Come in ogni “giallo” che si rispetti (ma l’etichetta è sbrigativa e tirchia, si potrebbe forse trattare di un thriller sociale, se ci si passa l’azzardo analitico, anche se in Vecchio viene fuori sempre l’anima dello scrittore di romanzi più che il calcolo del “giallista”, è uno che, insomma, si diverte ancora ad indagare più l’anima che i meccanismi) i personaggi son tanti – grandi, meno grandi, poco più che comparse – e affollano un affresco che ha a che fare con la protervia del potere e della malavita ma anche con il marciume da cui si lascia corrodere una collettività, con le ipocrisie e le connivenze di una “facciata” che deve rimanere linda, pulita, presentabile mentre dietro le porte, dentro le stanze si consumano turpitudini.
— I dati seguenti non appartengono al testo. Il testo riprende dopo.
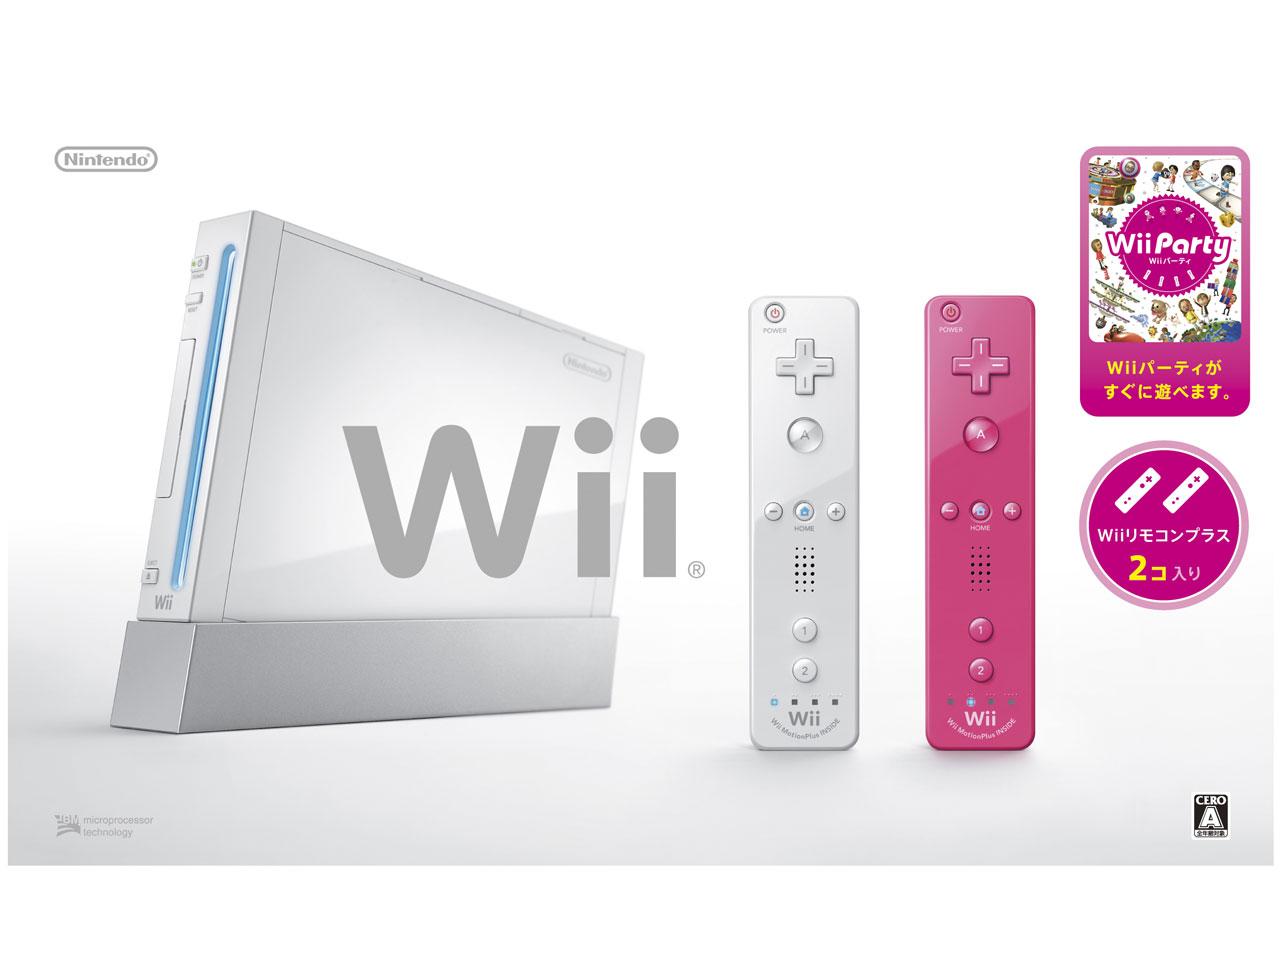 Wii [ウィー] シロ [Wiiリモコンプラス・Wiiパーティ同梱] [数量限定パック]

Ecco, “La mafia del culo” è, a suo modo, un romanzo morale, pur senza voler essere bacchettone o moralista (anzi, in alcuni passaggi c’è anche una certa comprensione/indulgenza delle umane debolezze). Perché non si pensi che l’autore voglia scagliare chissà quale anatema dietro l’immoralità che descrive: sono le inclinazioni personali che diventano strumento di ricatto, abuso contro i più deboli o gli inermi, è questa forma di “mafiosità” che Vecchio depreca, condanna. E poi, da non dimenticare, se si vuol descrivere la sensazione di chi legge: alla fine, all’ultima pagina, a rimpiattino vince lo scrittore che non si lascia mai prendere, che è sempre lì, felice di spiazzare. Ma come spesso accade nel rapporto di reciproca provocazione intellettuale che è la scrittura/lettura, il lettore è ben felice d’essersi lasciato scappare l’autore. Pronto magari a riaffacciarsi, quest’ultimo, alla successiva impresa: perché il gioco ricominci.